Borin had mentioned casually that he was having a meeting with Orlov in three days. She’d acted very impressed that he was so well thought of to see Orlov. He’d made love to her twice after that, so she knew he was telling her the truth. When he fed her false information, he never made love to her more than once, and left shortly after.
He was becoming easy to read. When he felt powerful and proud of an achievement, and she recognized that achievement, he was very randy. When he was telling her false information, his ego was left out of the equation. It was his way of testing her, she guessed. She never passed along anything he said at those times.
Today she was passing on news of the impending meeting. It was up to the geeks to figure out what she’d written and how to act upon the intel she passed along. She was never to act on any of the intel; that wasn’t her job. Her job was only to gather intel and pass it along. She was glad. She didn’t want that responsibility. This was dangerous work. She hadn’t known that as a teenager, but she knew it now and was cautious.
Once more, she wondered at the American agents who’d suckered her in. They had done this to a child. They had suckered her in without a thought to her life or future. She was simply a means to an end. She’d been so foolish and idealistic. After a few years, she’d learned that she was merely a tool. It was a hard pill to swallow sometimes. Sometimes she felt trapped, as if she wasn’t really living her own life. She was living a life for another country.
She wondered where she would have been today if she’d not met the young American, Gregg Green. She certainly wouldn’t be putting her life at risk every day, that was for sure. She knew they’d disavow her in a split second. She knew, also, that she’d never be safe. She thought perhaps, once this mission was over, she would simply disappear.
She was tired of working as a spy, tired of living someone else’s idea of a life. It would only take one careless move on her part and it would be all over.
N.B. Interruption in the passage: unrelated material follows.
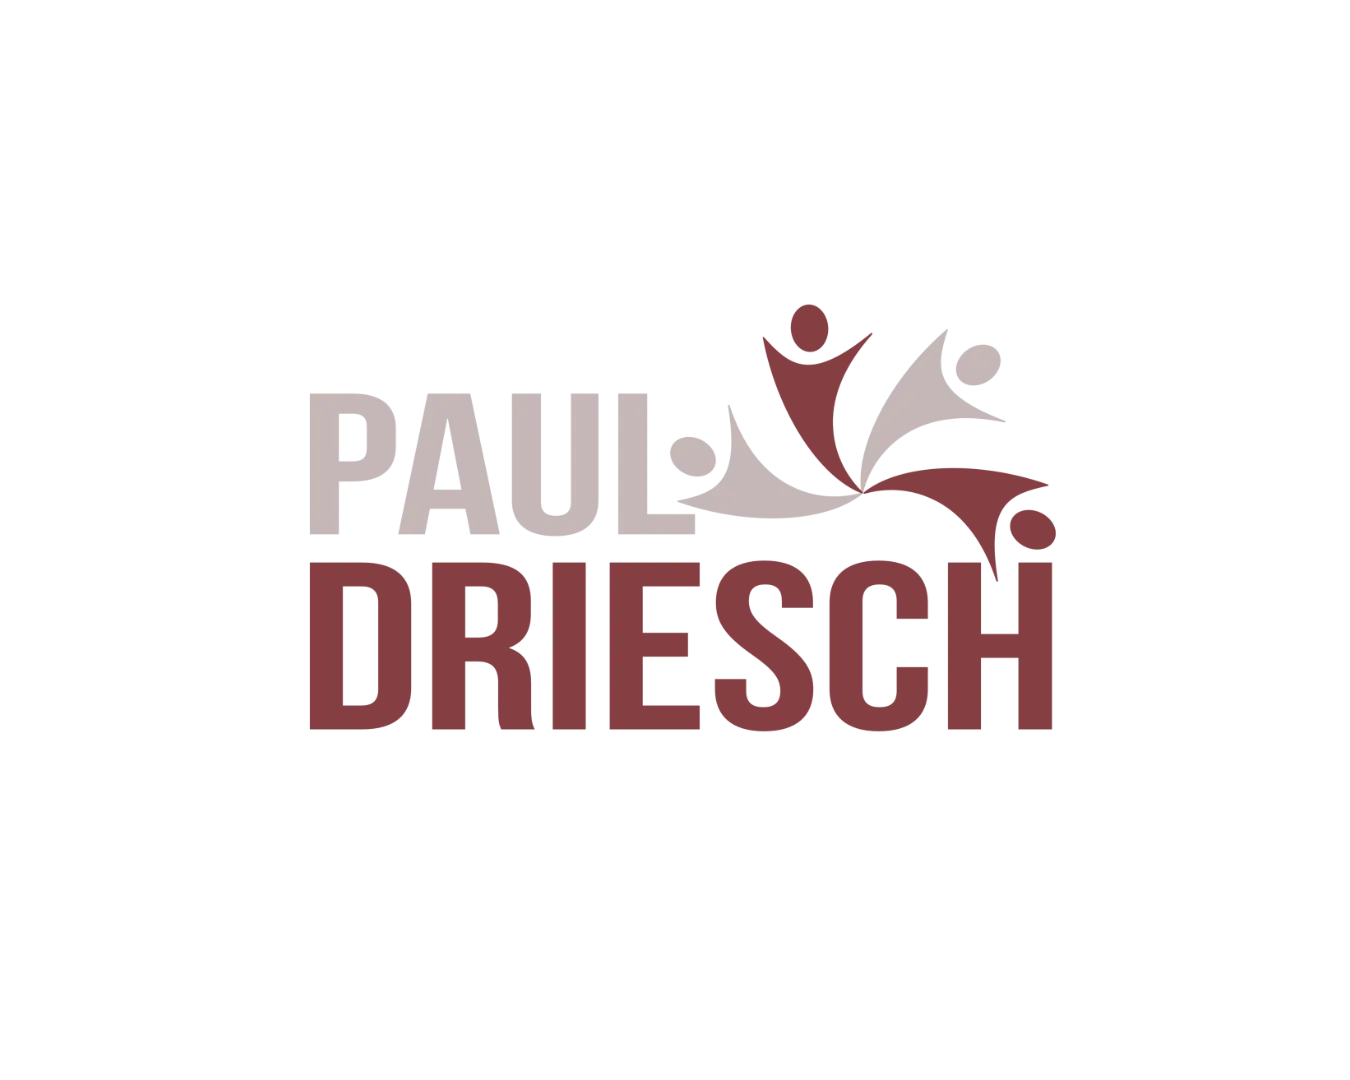 Paul Driesch Kemmenau Logo

For now, however, she’d do her job. She had no other choice. But she would disappear, she promised herself, and live her own life her way.
Borin was becoming generous. He’d given her a pair of diamond earrings the previous evening, for which she’d thanked him with her body. Very pretty and tasteful.
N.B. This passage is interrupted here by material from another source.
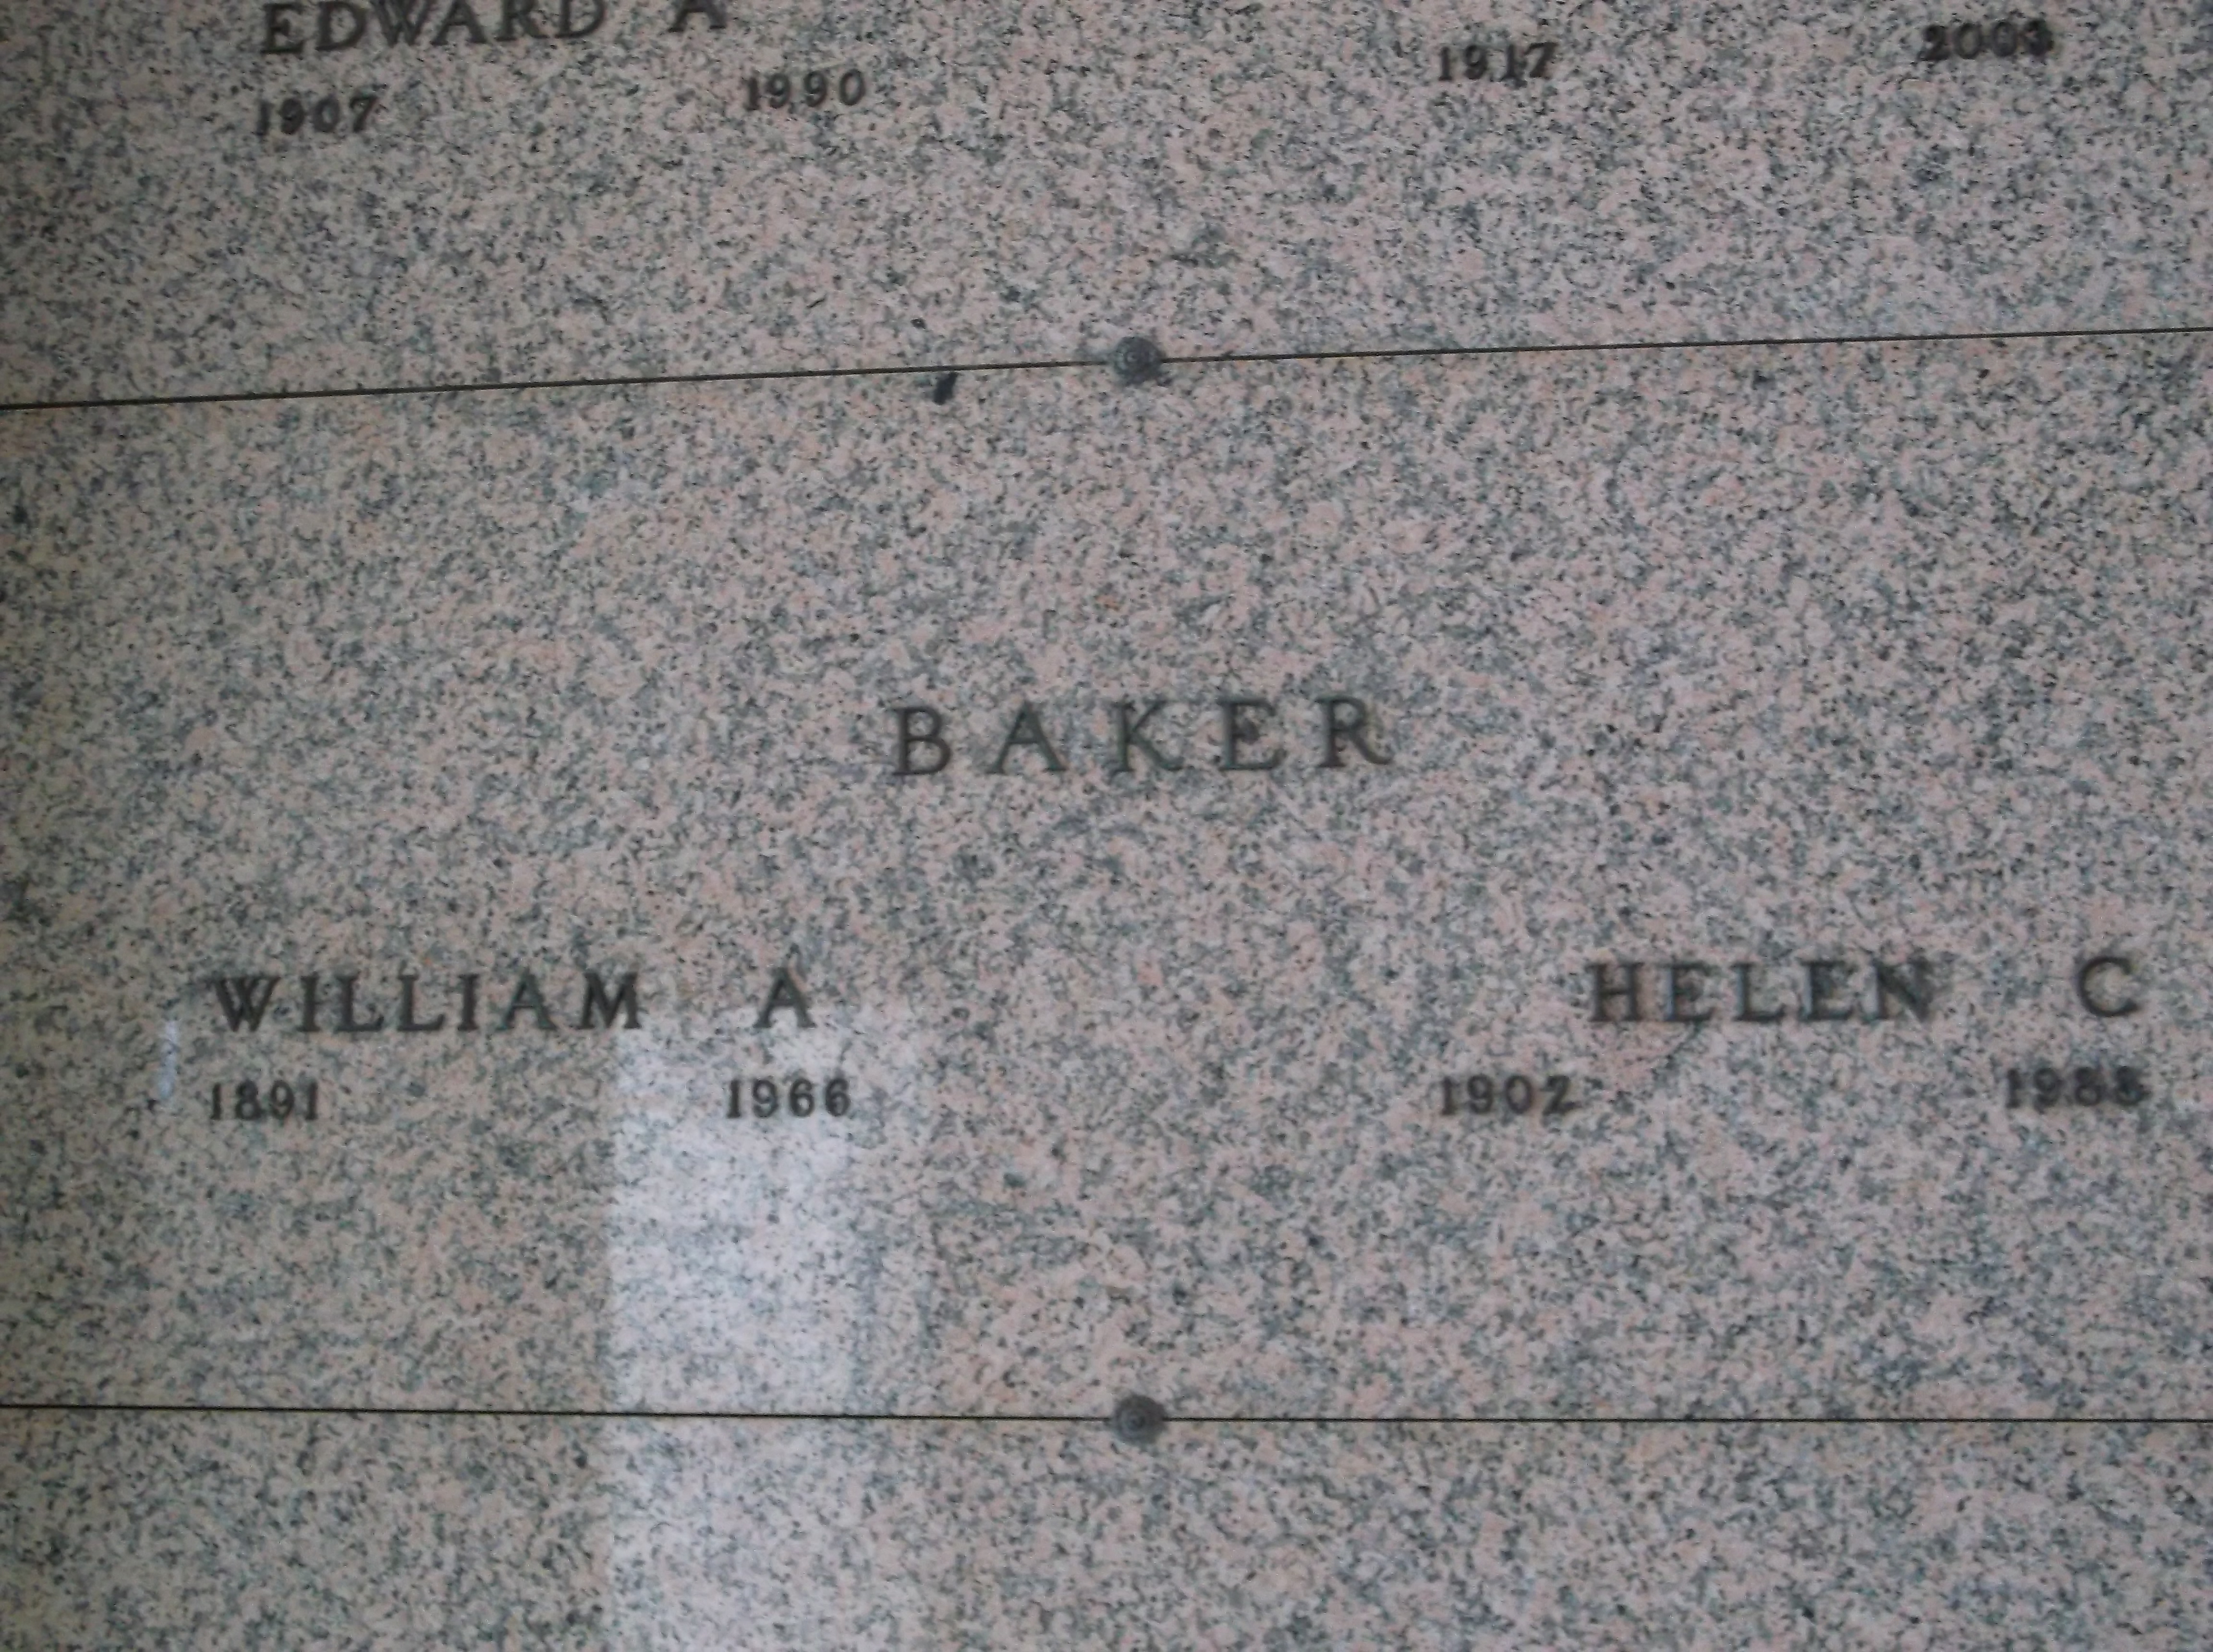 Helen C Baker

Dina was careful. She never acted nor spoke vulgarly. Men tended to treat woman as they portrayed themselves. No man would tell his secrets to a contemptable tramp, and certainly no man in power. She was also very submissive and ultra-feminine.
It was her job to make him feel extremely masculine, and, therefore, able to share small secrets to impress her. She’d been taught all this. She’d been taught how to seduce a man or woman. She’d also been taught about sex and how to perform sex. She’d been well educated, and once more she wondered at her stupidity as an ignorant teen.
She’d been gulled into this by the Americans. She wondered if those agents were even alive still. She’d love to tell them now what she thought of their underhanded actions toward a young girl. Using her love and emotions for a boy to manipulate her. She’d tell them that they should be ashamed. She knew that would never happen, but she could always dream.
To date, there really hadn’t been a lot to pass along. But she had no timetable, no deadline. Only that she was to report anything she learned. If she came across intel during the course of her day, she passed that along as well. Knowing Borin was going to a meeting, she’d kept an eye on the memos that flew back and forth across her computer all day. She didn’t know how long she’d be at this assignment; it could be months, or years.